We set this value high to save our having to field noob questions up on the mailing lists asking why a RegionServer went down during a massive import. The usual cause is that their JVM is untuned and they are running into long GC pauses. Our thinking is that while users are getting familiar with HBase, we'd save them having to know all of its intricacies. Later when they've built some confidence, then they can play with configuration such as this.

2.5.2.1.2. Number of ZooKeeper Instances

See Chapter 16, ZooKeeper.

2.5.2.2. HDFS Configurations

2.5.2.2.1. dfs.datanode.failed.volumes.tolerated

This is the "...number of volumes that are allowed to fail before a datanode stops offering service. By default any volume failure will cause a datanode to shutdown" from the hdfs-default.xml description. If you have > three or four disks, you might want to set this to 1 or if you have many disks, two or more.

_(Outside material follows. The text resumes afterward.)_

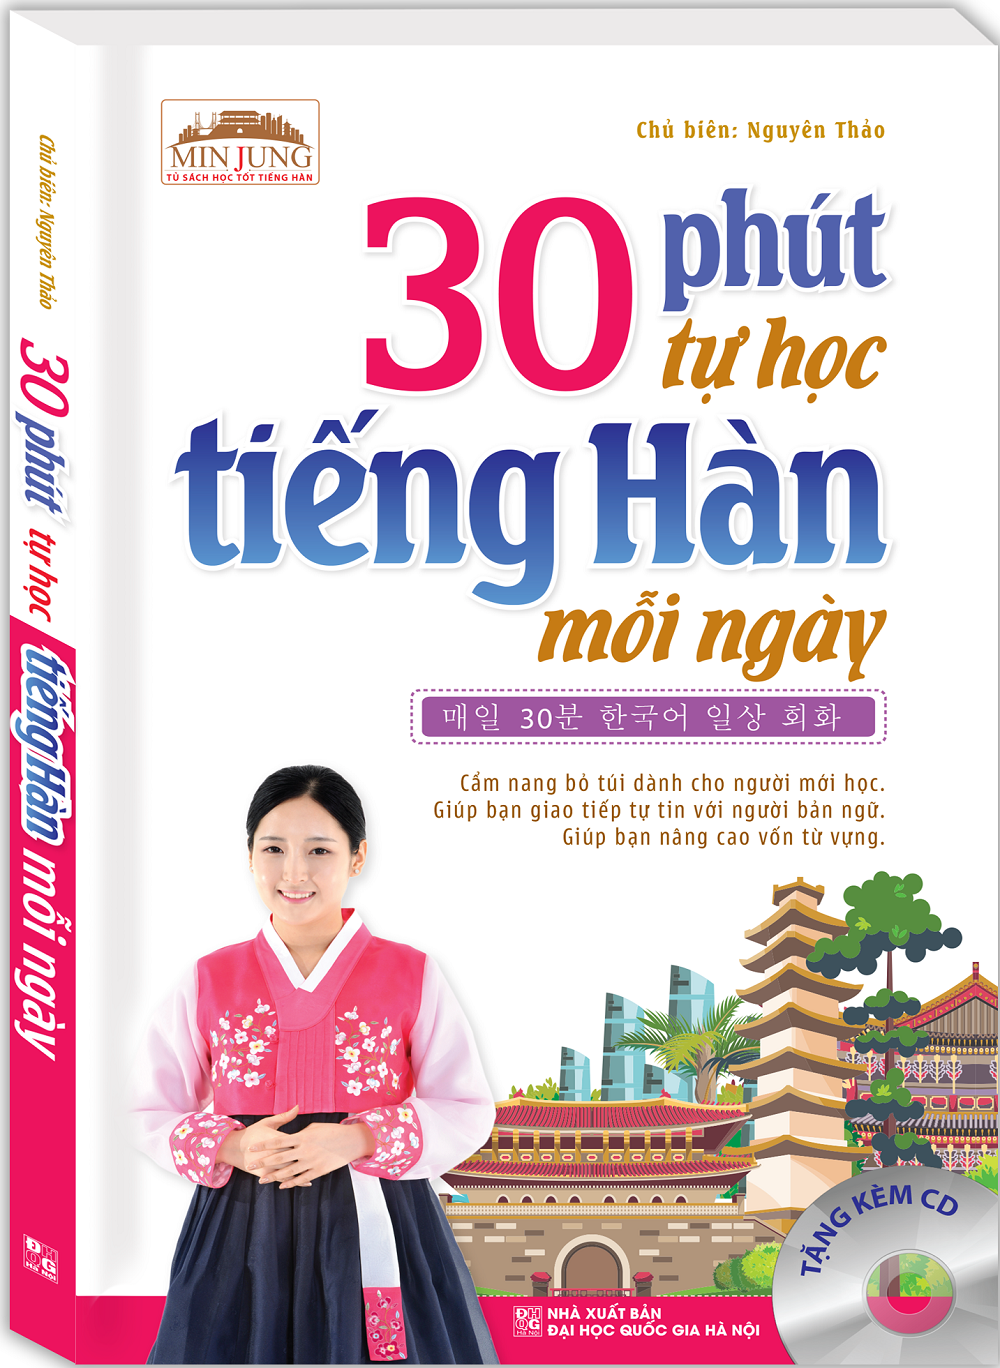 30-phut-tu-hoc-tieng-han-moi-ngay-80k.u2469.d20161121.t081430.205311.png
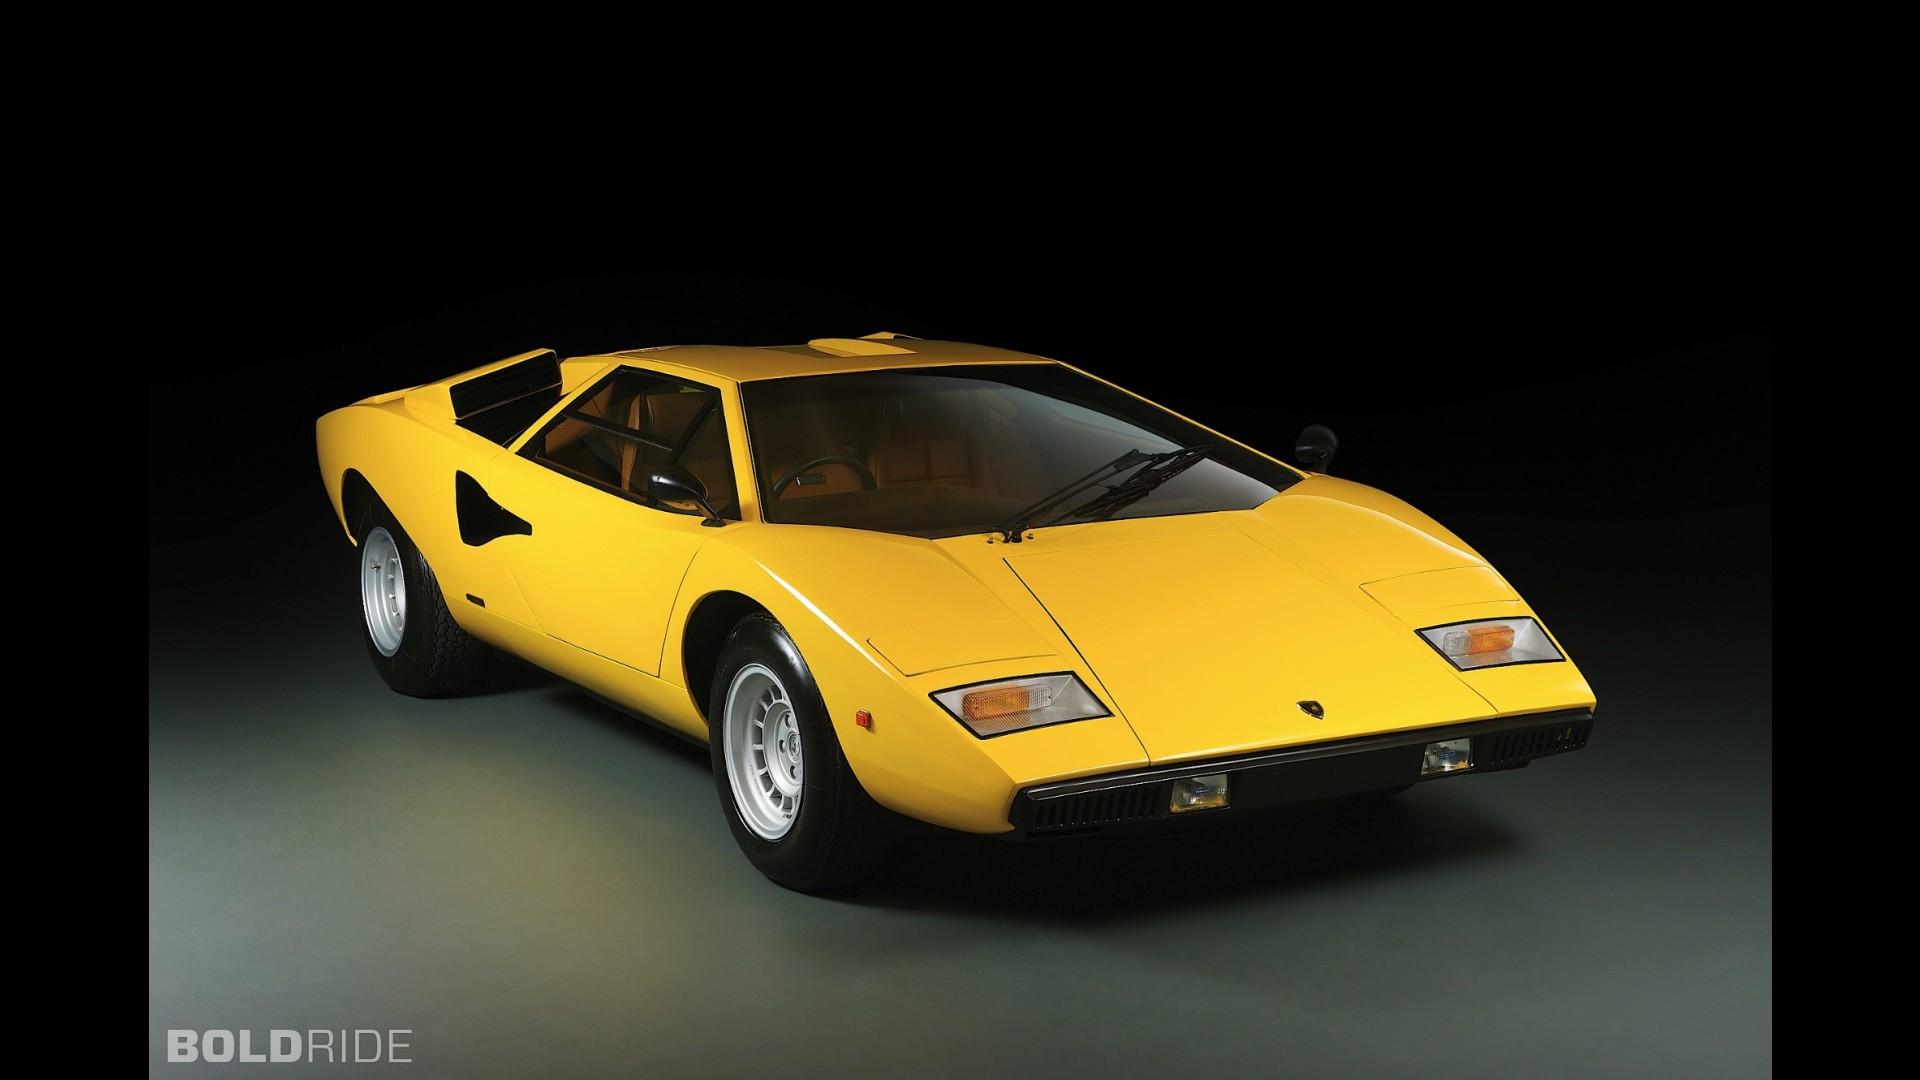 lamborghini-countach-lp400-periscopo Exciting Lamborghini Countach Nfs Most Wanted Cars Trend

2.5.2.3. hbase.regionserver.handler.count

This setting defines the number of threads that are kept open to answer incoming requests to user tables. The default of 10 is rather low in order to prevent users from killing their region servers when using large write buffers with a high number of concurrent clients. The rule of thumb is to keep this number low when the payload per request approaches the MB (big puts, scans using a large cache) and high when the payload is small (gets, small puts, ICVs, deletes).

It is safe to set that number to the maximum number of incoming clients if their payload is small, the typical example being a cluster that serves a website since puts aren't typically buffered and most of the operations are gets.

The reason why it is dangerous to keep this setting high is that the aggregate size of all the puts that are currently happening in a region server may impose too much pressure on its memory, or even trigger an OutOfMemoryError. A region server running on low memory will trigger its JVM's garbage collector to run more frequently up to a point where GC pauses become noticeable (the reason being that all the memory used to keep all the requests' payloads cannot be trashed, no matter how hard the garbage collector tries). After some time, the overall cluster throughput is affected since every request that hits that region server will take longer, which exacerbates the problem even more.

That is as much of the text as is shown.